From a safety viewpoint–especially with offshore, remote or arctic operations–dispatch offices want to know the location and progress of aircraft in case of problems or flight delays. From an efficiency perspective, charter and airline operators can better utilize their aircraft and control the billing of flight hours. In emergency situations, law-enforcement and fire-suppression personnel can rapidly deploy the closest and correct assets, and those in charge of ground operations can gain better situational awareness.

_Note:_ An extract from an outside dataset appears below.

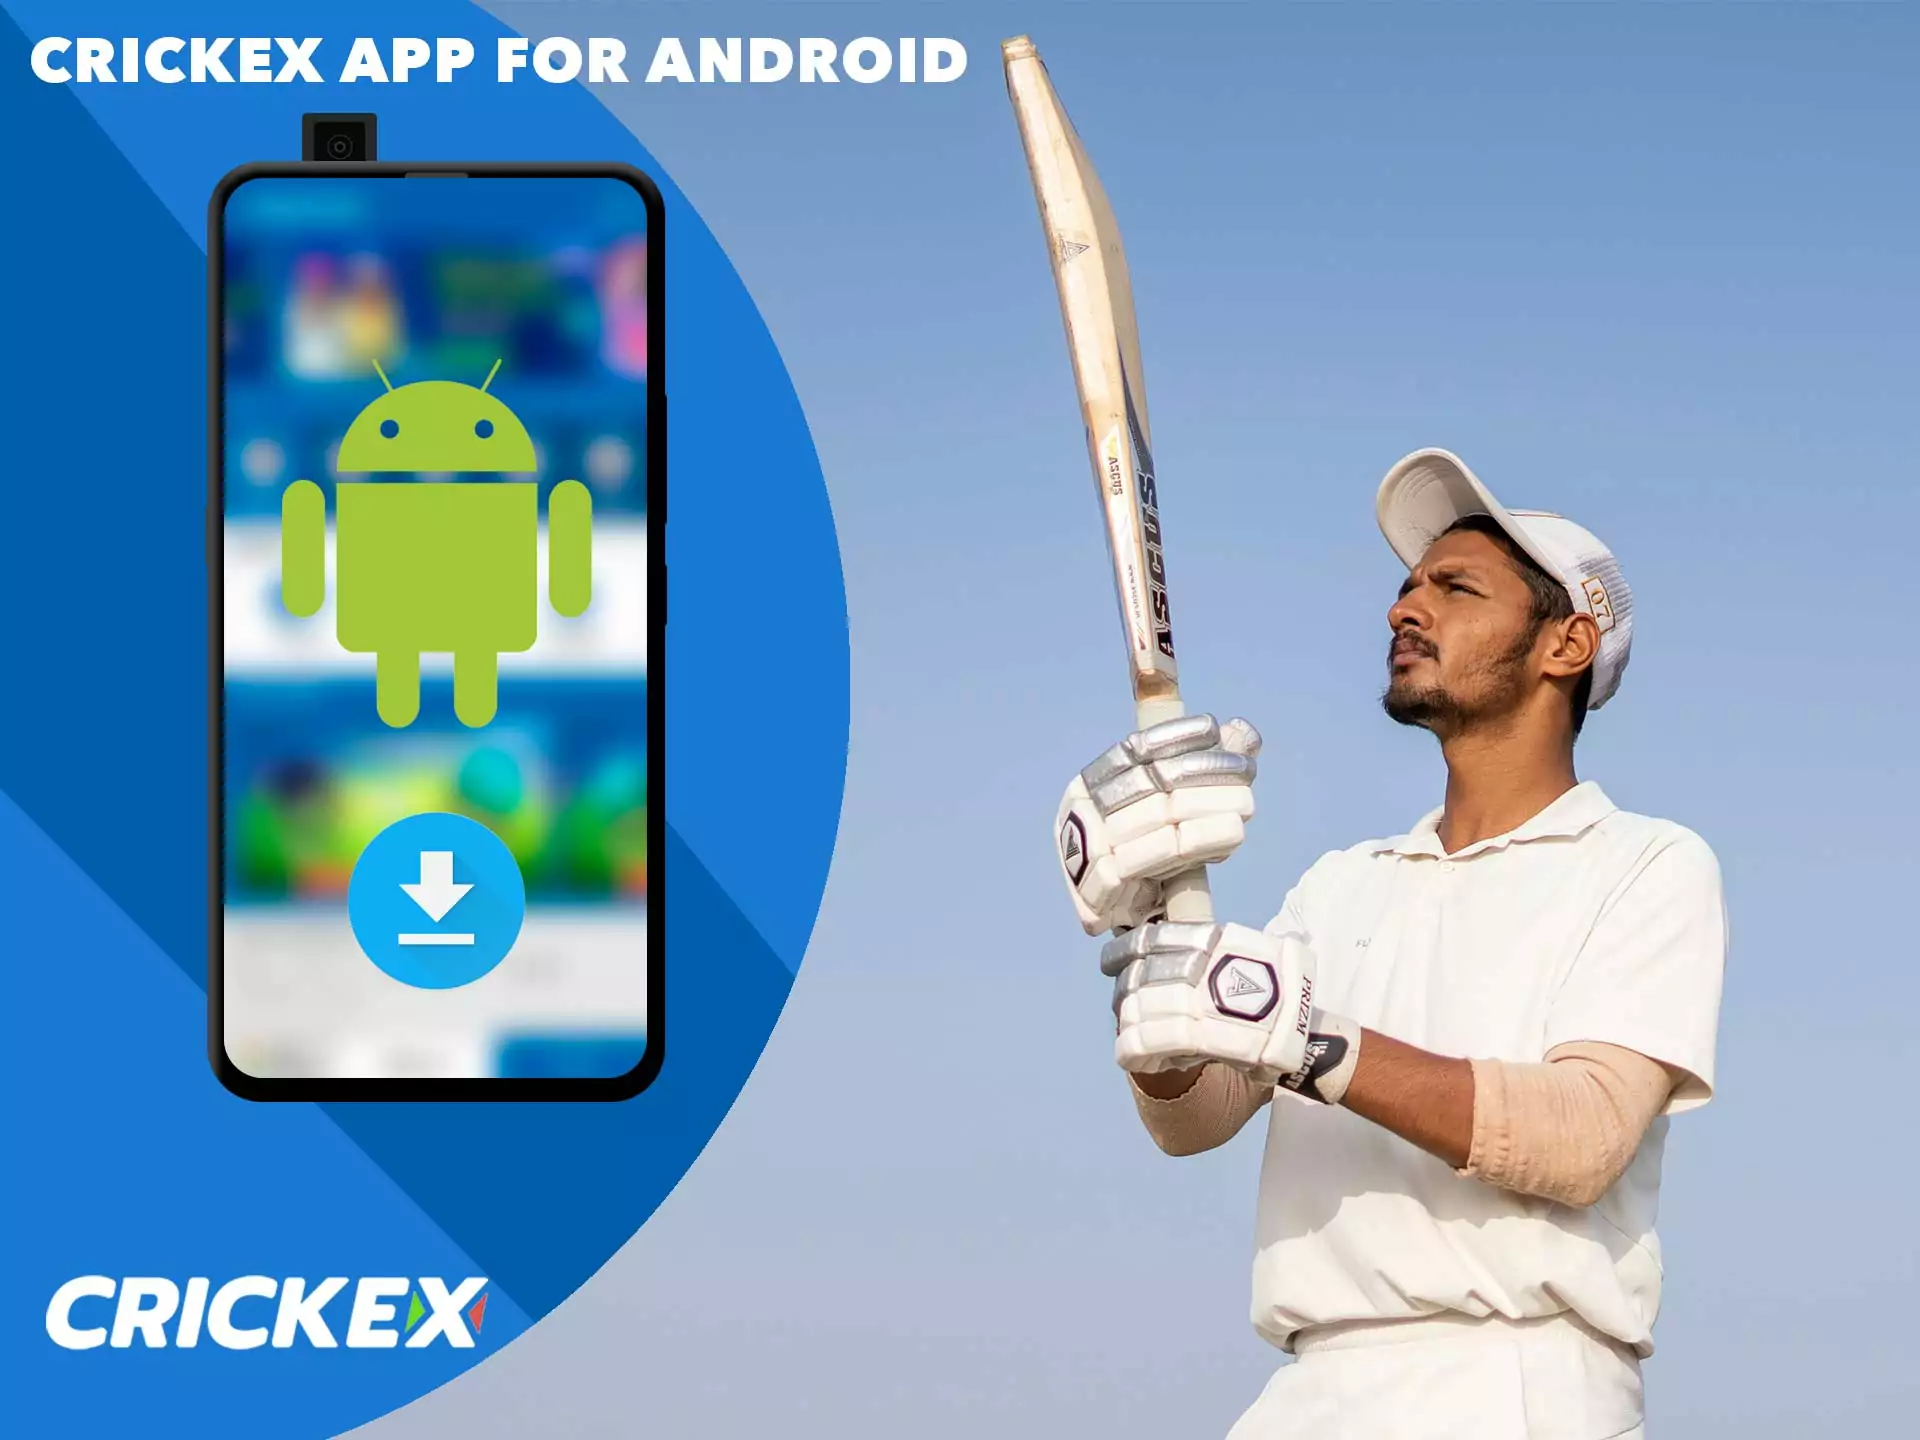 You can download the Crickex app for Android for free.

As soon as GPS appeared on the scene, the "true position" of aircraft became inexpensively available. This prompted many people to come up with ways to get that data not only to the pilot, but also to others outside the aircraft, so the aircraft’s whereabouts are known by everyone concerned. Many secondary users of these aircraft, such as oil and gas exploration and drilling crews, have driven this requirement. They want to be certain they can recover their crews in accident cases. For them, it has been largely a passenger safety issue that has driven flight following, especially since the locations and conditions of their operations often are hazardous.

Outside of the aviation world, location and control of freight trucks, police cars, forestry vehicles, fire trucks, high-end vehicles and containers also has prompted a range of requests for positive tracking to control everything from theft and unauthorized use to improved parcel pick up, rapid emergency response, and rescue.

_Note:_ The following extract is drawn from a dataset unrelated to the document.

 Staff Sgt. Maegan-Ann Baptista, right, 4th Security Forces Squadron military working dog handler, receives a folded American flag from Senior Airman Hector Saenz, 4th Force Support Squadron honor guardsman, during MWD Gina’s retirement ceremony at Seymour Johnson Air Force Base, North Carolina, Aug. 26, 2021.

A wide variety of solutions have materialized for "vehicle following" both on land and in the air. Most involve some type of dedicated local radio network with data capability in conjunction with GPS receivers. The system then somehow transfers this data to a dedicated processor that maps and tracks the vehicles in question.

As mapping technology has improved (and more areas have inexpensive and available digital maps), vehicle following has become easier to do on a larger scale and now makes worldwide following feasible at high levels of location definition.

Unfortunately, all of these applications and systems have very different priorities and requirements. They operate largely in isolation with no connectivity or mutual assistance other than the coincidental use of GPS.

To provide worldwide coverage, it became clear early on that no land-based strategy could ever work economically, any more than cell phones could be practical in remote areas. This drove the demand for satellite-based data communication to provide the return link for position data. Since the entire system already depends on satellite downlink data for position fixing, this return link seemed like a reasonable solution–at first.

Communication with distant geostationary satellites is no easy task, however, as people attempting to use it for other forms of communication have discovered. It requires agile antennas and complex radio systems, and it has a very high connect time charge.

These technical problems and the cost of satellite connectivity almost spelled the end of an otherwise great idea. But it was rescued from an untimely death by an unexpected development: Instead of distant, fixed satellites, close-proximity, inexpensive low Earth orbit (LEO) satellites in a moving constellation were proposed to solve the connectivity problem.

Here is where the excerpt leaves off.